Avoid multiple calls to alloc_storage, which could be expensive (eg. mutex acquisition, OS calls, etc.)
This is a natural scheme to model and manage Tightly Coupled Memories - whose capacity is typically much smaller than DDR
Since the scheme is fully aware of how much memory is available, it knows exactly when spills to DDR are needed.

Example of usage - we can see that even conflicting tensors ‘a’ and ‘b’ are created from the same storage object, but they are allocated disjoint memory regions of the same storage object:

@R.function
def main(
    x: R.Tensor((4, 64), "int32"),
    y: R.Tensor((4, 64), "int32"),
    z: R.Tensor((4, 64), "int32"),
) -> R.Tensor((4, 64), "int32"):
    cls = Module
     vtcm_obj: R.Object = R.vm.alloc_storage(
        R.shape([4096]), runtime_device_index=0, dtype="uint8", storage_scope="global.vtcm"
    )
    a: R.Tensor([4, 64], dtype="int32") = R.vm.alloc_tensor(
        vtcm_obj, offset=0, shape=R.shape([4, 64]), dtype="int32"
    )
    __: R.Tuple = R.vm.copy_tensor(x, a)
    b: R.Tensor([4, 64], dtype="int32") = R.vm.alloc_tensor(
        vtcm_obj, offset=1024, shape=R.shape([4, 64]), dtype="int32"
    )
    _: R.Tuple = R.vm.copy_tensor(y, b)
    c: R.Tensor([4, 64], dtype="int32") = R.vm.alloc_tensor(
        vtcm_obj, offset=2048, shape=R.shape([4, 64]), dtype="int32"
    )
    ___: R.Tuple = cls.compute_add_in_vtcm(a, b, c)
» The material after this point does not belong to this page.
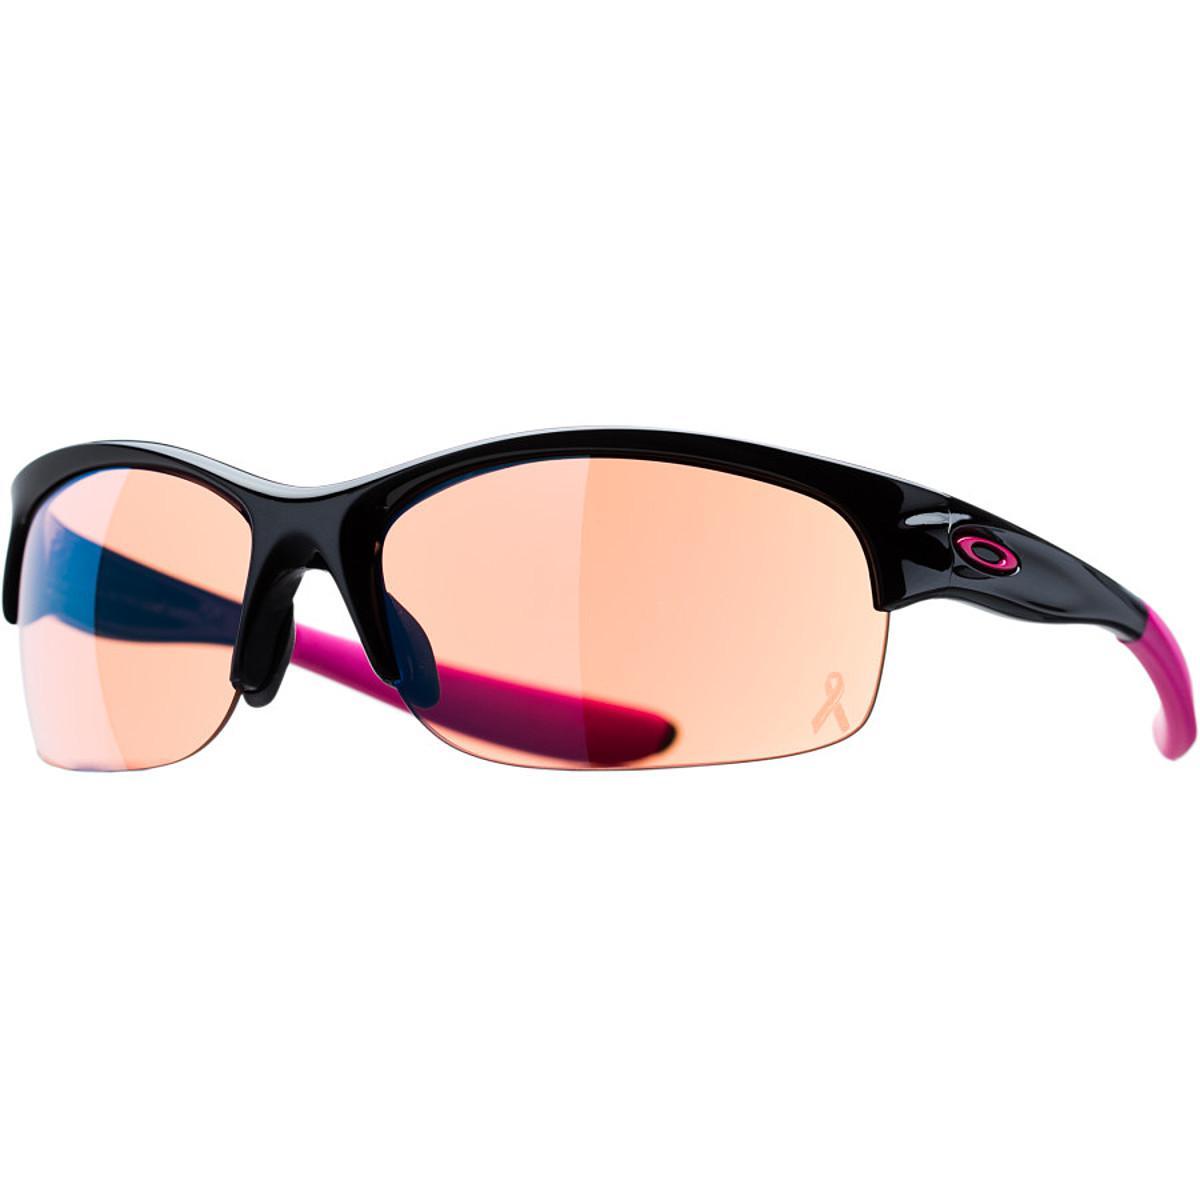 bcd41f7007 Lyst - Oakley Ysc Commit Sq Signature Sunglasses in Black

    _t1: R.Tuple = R.vm.kill_object(a)
    _t2: R.Tuple = R.vm.kill_object(b)
    d: R.Tensor([4, 64], dtype="int32") = R.vm.alloc_tensor(
        vtcm_obj, offset=0, shape=R.shape([4, 64]), dtype="int32"
    )
    ___1: R.Tuple = R.vm.copy_tensor(z, d)
    e: R.Tensor([4, 64], dtype="int32") = R.vm.alloc_tensor(
        vtcm_obj, offset=1024, shape=R.shape([4, 64]), dtype="int32"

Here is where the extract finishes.